When the phase control amount DNADV is set in this way, the process proceeds to step 17, and the acceleration correction amount DLTADV is set based on this.

Then, proceed to step 18 and set the acceleration correction amount DLTA
Whether the DV is positive or negative is judged, and if DLTADV> 0, the setting to the advance side is restricted for the purpose of preventing knocking, so the routine proceeds to step 19 and DLTADV = 0.

Then, the routine proceeds to steps 22 and 23 to calculate the ignition timing ADV based on the acceleration correction amount DLTADV.

Thus, until the second predetermined time T ₂ elapses, the ignition timing ADV is controlled to the advance side so that it approaches the basic ignition timing MADV when the rotation is decreased, and the ignition timing ADV is controlled to the retard side when the rotation is increased. The rotation fluctuation is suppressed.

Here, steps 9 to 17 correspond to the second acceleration correction amount setting means, and steps 18 and 19 correspond to the acceleration correction amount advance side limiting means.

When the second predetermined time T ₂ has elapsed from the start of acceleration, the step
After proceeding from 10 to step 20, the acceleration determination flag F ₁ and the phase control start flag F ₂ are both set to 0, then proceeding to step 21, the acceleration correction amount DLTADV is set to 0, and proceeding to steps 22 and 23, ignition timing ADV Determine. This returns to normal control.

FIG. 5 shows the state of the ignition timing control at the time of acceleration.
In addition, in this figure, the advance angle of the portion (a) is limited. In addition, the part (b) is set to K2Y = 0 and the advance angle is limited.

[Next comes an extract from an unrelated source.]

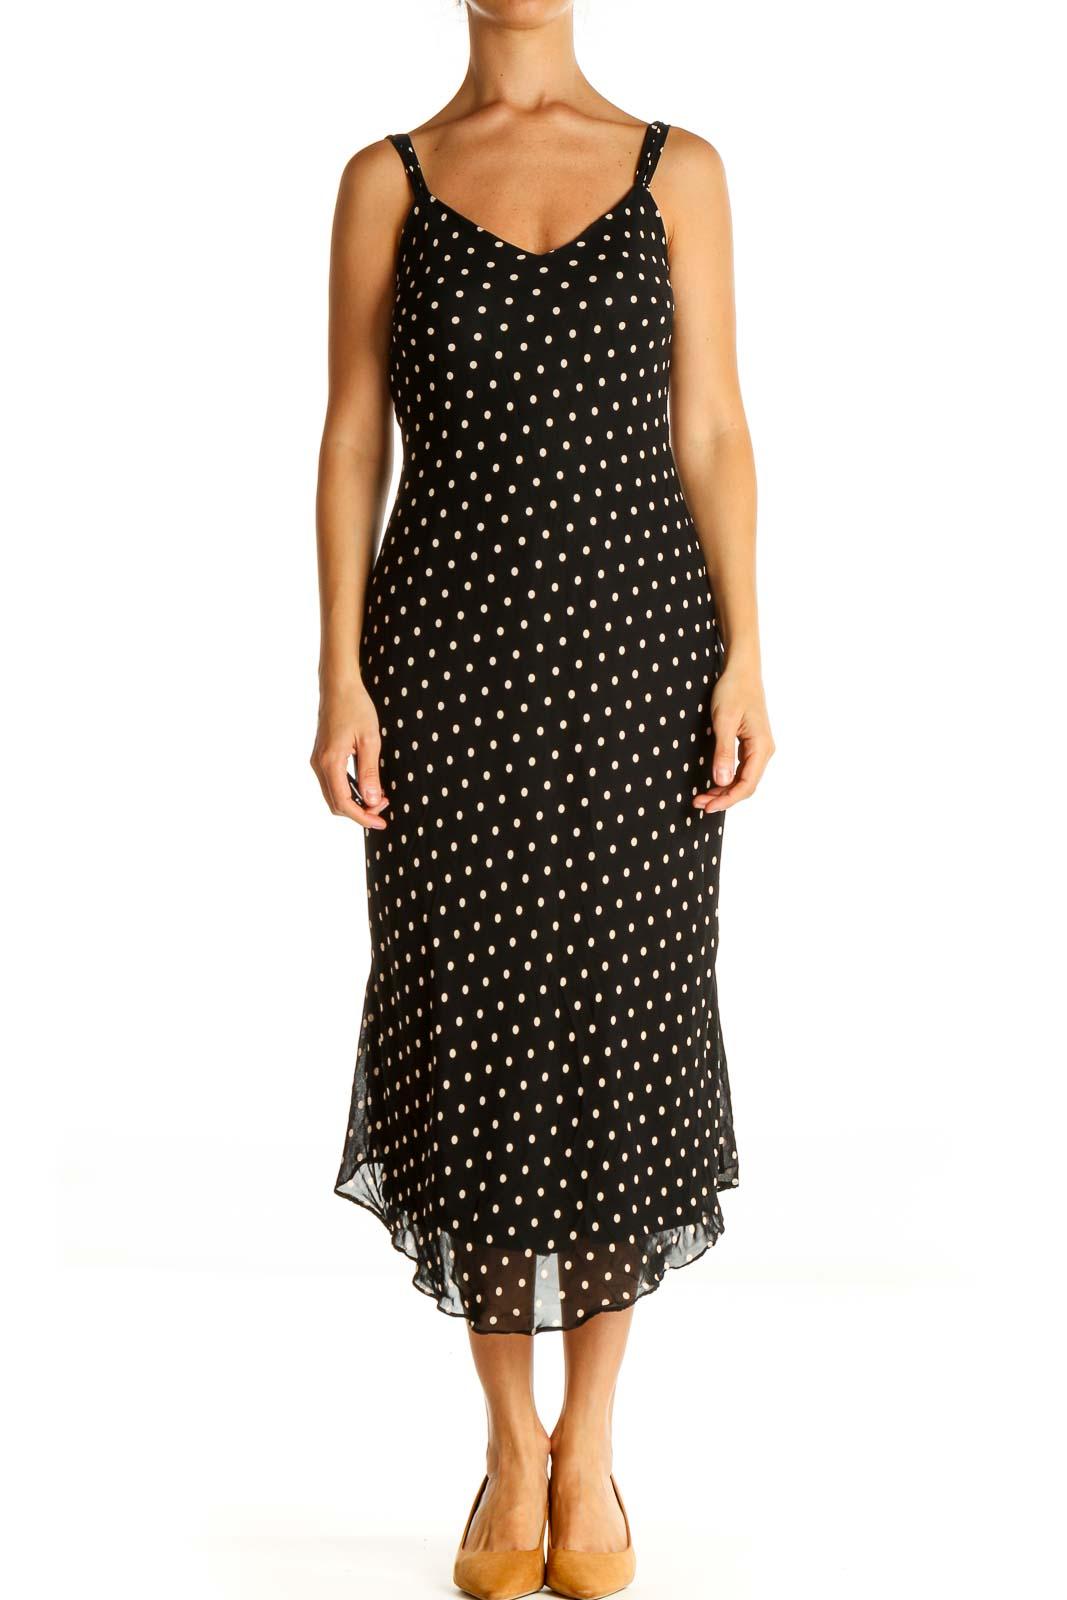 Black Polka Dot Bohemian Sheath Dress Front

<Effects of the Invention> As described above, according to the present invention, in the ignition timing control at the time of acceleration according to the rotation fluctuation for the acceleration shock countermeasure,
The effect that the unnecessary advance angle is canceled and knocking can be prevented is obtained.

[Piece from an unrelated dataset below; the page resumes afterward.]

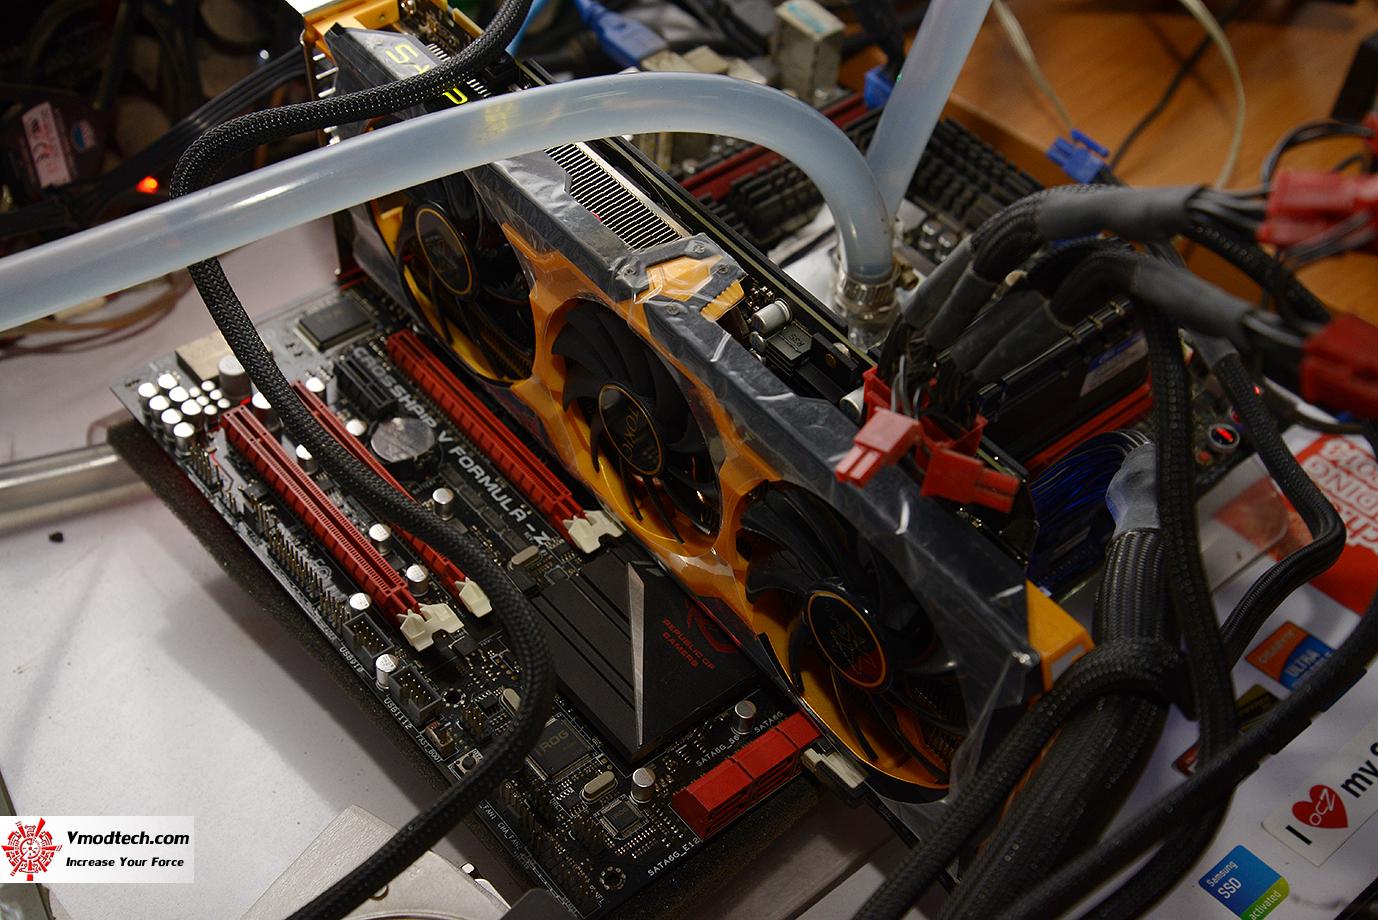 หน้าที่ 1 - SAPPHIRE TOXIC R9 270X 2GB GDDR5 WITH BOOST

[Brief description of drawings]

FIG. 1 is a block diagram showing the configuration of the present invention, FIG. 2 is a system diagram showing an embodiment of the present invention, FIGS. 3 and 4 are flow charts showing control contents, and FIG. 5 shows control characteristics. It is a time chart. 1 ... Engine, 6 ... Air flow meter, 7 ... Throttle valve, 8 ... Throttle sensor, 9 ... Fuel injection valve, 10
...... Crank angle sensor, 11 …… Spark plug, 12 …… Ignition coil, 13 …… Distributor, 20 …… Control unit

Claims (1)

[Claims] 1. An engine operating state detecting means for detecting an engine operating state including an engine speed, a load and a throttle valve opening,
Basic ignition timing setting means for setting a basic ignition timing based on the engine operating state detected by the engine operating state detecting means, and acceleration based on a change amount of the throttle valve opening detected by the engine operating state detecting means. Acceleration determining means for detecting the start, time measuring means for measuring the elapsed time from the time when the acceleration determining means detects the start of acceleration, and delay angle side until the first predetermined time has elapsed from the start of acceleration based on the time measuring means. First acceleration correction amount setting means for setting an acceleration correction amount, and the engine operation state detection means based on the time counting means until a second predetermined time elapses after the first predetermined time elapses. Second acceleration correction amount setting means for increasing / decreasing the acceleration correction amount in a direction of suppressing fluctuation of the engine speed, and setting of the acceleration correction amount to the advance side by the second acceleration correction amount setting means are provided. The acceleration correction amount advance side limiting means for limiting the value to the value and the basic ignition timing set by the basic ignition timing setting means are corrected by the acceleration correction amount set by the first and second acceleration correction amount setting means. An ignition timing control device for an internal combustion engine, comprising: an ignition timing correction means.